What the verification gate caught
The contractor's license was being misrepresented on every directory listing without the owner knowing. Caught and corrected before any Marketta copy repeated it. The GBP categories would have sent the wrong signals to Google for months. Caught and corrected before setup.
RUN 05 — CARBON COUNTY GARAGE DOOR
35/100
35 years. Seven straight Reader's Choice wins. Invisible on the site they had.
A family-owned garage door company, 35 years in business, with seven consecutive years of regional Reader's Choice wins. The existing site was a frozen seven-page builder template — roughly 600 words total, no ability to create custom URLs for services or locations. The award wins were not mentioned anywhere on it.
What the run built
- The award became the centerpiece of the brand — not a badge in a footer. The story: seven years running, in a county where word of mouth is everything, the same company keeps winning.
- 34 routes deployed. Seven service pages. Eleven location pages for Carbon County and surrounding towns. Four full blog posts.
- The scroll centerpiece: a worn, dented white garage door that rolls up as you scroll. Under it — revealed — a brand-new mahogany carriage door on the same house. At the midpoint of the reveal, a real customer quote appears: a homeowner who replaced three white utility doors with three mahogany carriage doors. The centerpiece is tied to her actual words.

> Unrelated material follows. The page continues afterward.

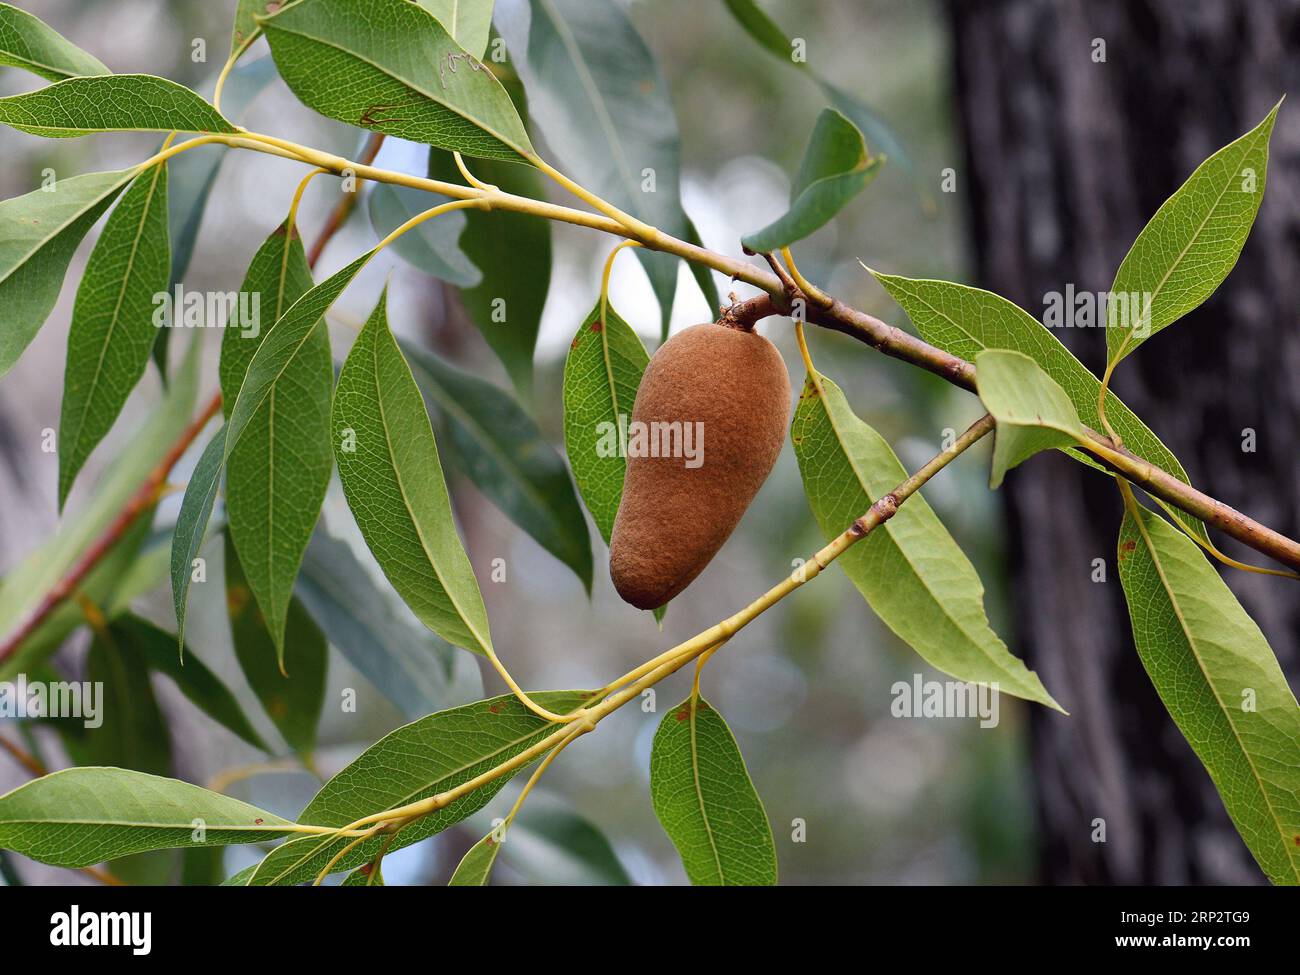 https://c8.alamy.com/comp/2RP2TG9/rust-coloured-velvety-developing-fruit-of-the-australian-native-woody-pear-xylomelum-pyriforme-family-proteaceae-in-sydney-open-sclerophyll-forest-2RP2TG9.jpg

- Entity cleanup: directories had been listing an old corporate entity instead of the current LLC, leaving NAP inconsistent across listings. Corrected.
Claims firewall in the built HTML
No license number, no “licensed and insured” language, no specific review count appeared in the shipped site. All of those were gated pending owner confirmation, and none made it into the build.
RUN 04 — POCONOS ROOFING
34/100
The certification on the site didn't match what the manufacturer listed.
A roofing contractor with an active website and a listed manufacturer certification. The site named a specific certification tier — the highest available — as a trust signal.
What the run built
- Cross-referencing the live manufacturer contractor directory: the actual certification tier was one level lower than what the site claimed. Not a fabrication — likely a misunderstanding of certification levels, or an old claim never updated after a tier change. Either way, the site was stating something the manufacturer's own records didn't support.
- That is a credibility problem if a customer checks. It is a legal exposure problem if a competitor notices.
- The claim was flagged before any Marketta copy repeated it. The corrected framing was used instead.
Four gates before anything goes live.
The cases above include five separate catches that had nothing to do with building something new — they were about finding what was already wrong.
- A GBP address pointing to the wrong town for years
- A CSS token collision that meant brand colors never compiled correctly
- Structured data on four blog posts that silently never rendered
- A contractor's credentials that looked expired on every directory (they weren't)
- A certification claim that didn't match the manufacturer's own records
None of these would have been found by a website builder, a freelancer on deadline, or an AI tool that starts from “what would you like your site to say?” They were found because the pipeline checks facts before it publishes them.
207 confirmed issues caught and fixed across two full adversarial QA runs.